# [What to work on]
The material below holds a span beginning at the line with "Logotipo de Alice Cooper." and ending at the line with "[Shinobu Tanei] Ane". Quote that span exactly, both ends included, and only that span.

# [Data listing]
::::::::::
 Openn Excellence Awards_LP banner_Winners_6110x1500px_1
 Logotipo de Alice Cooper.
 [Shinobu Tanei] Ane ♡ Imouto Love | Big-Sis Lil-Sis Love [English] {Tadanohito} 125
::::::::::
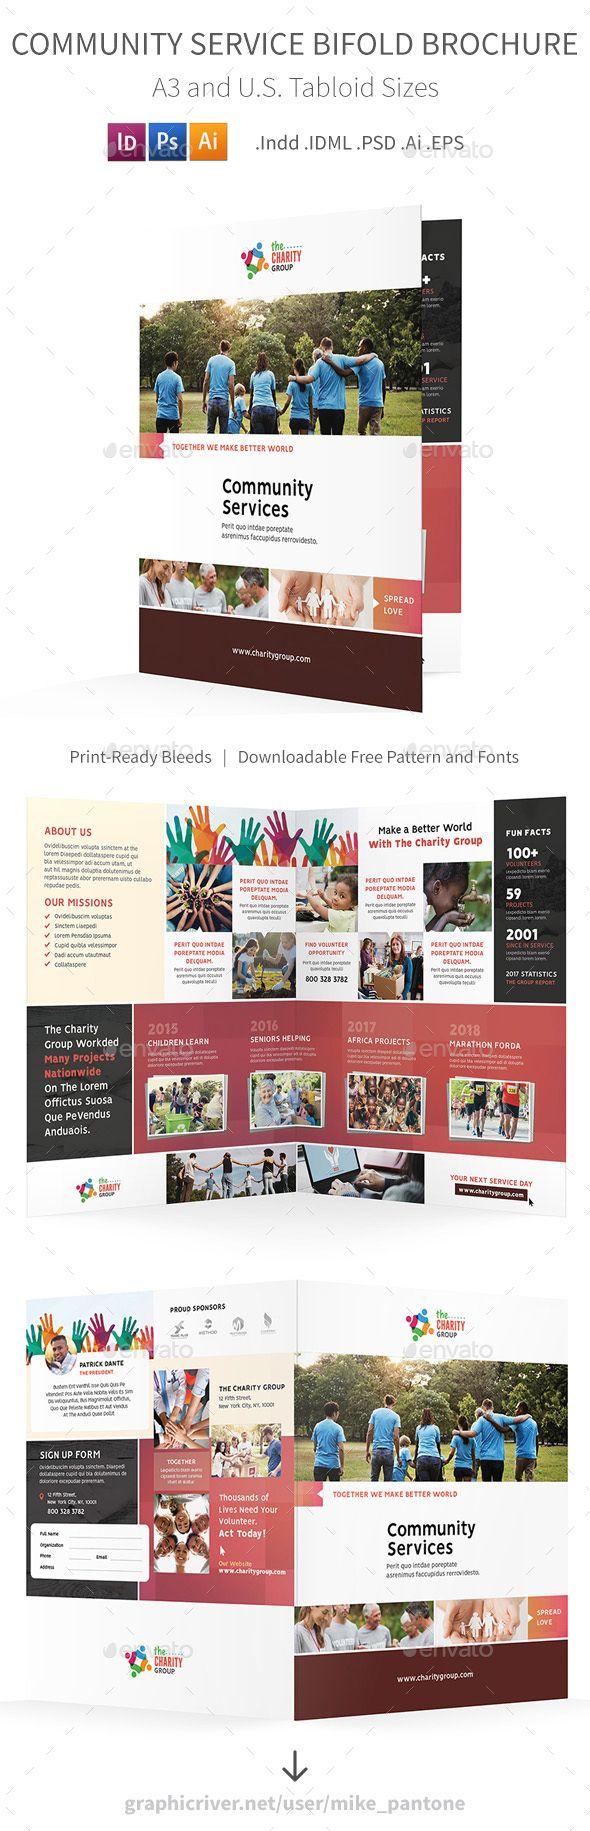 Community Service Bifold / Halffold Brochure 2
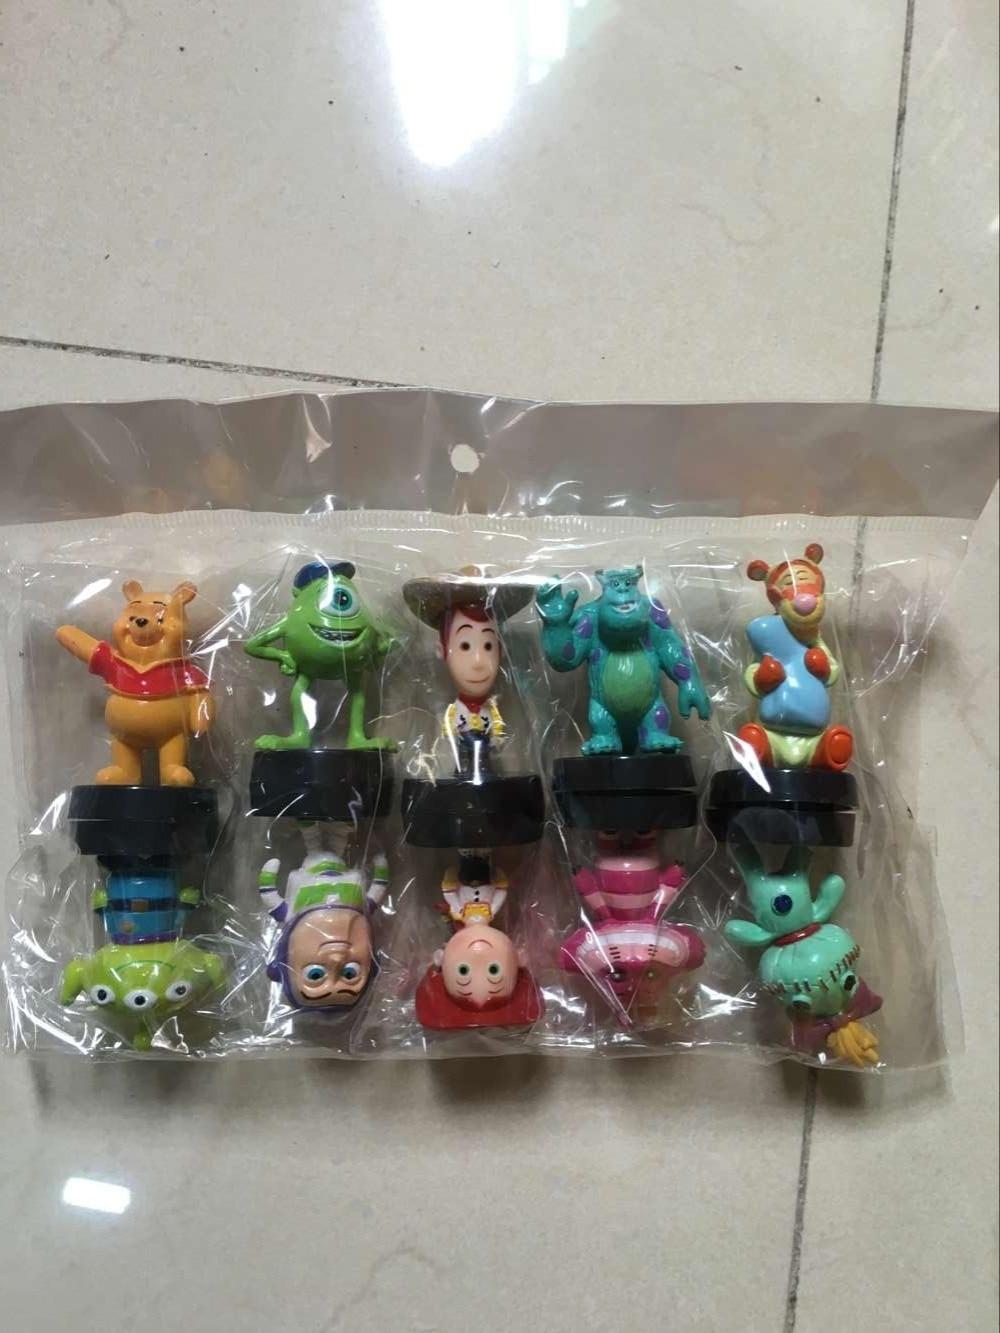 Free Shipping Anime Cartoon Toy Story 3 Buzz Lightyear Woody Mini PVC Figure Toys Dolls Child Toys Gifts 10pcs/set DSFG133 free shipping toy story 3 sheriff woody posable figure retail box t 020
::::::::::
# [Exercise result]
 Logotipo de Alice Cooper.
 [Shinobu Tanei] Ane ♡ Imouto Love | Big-Sis Lil-Sis Love [English] {Tadanohito} 125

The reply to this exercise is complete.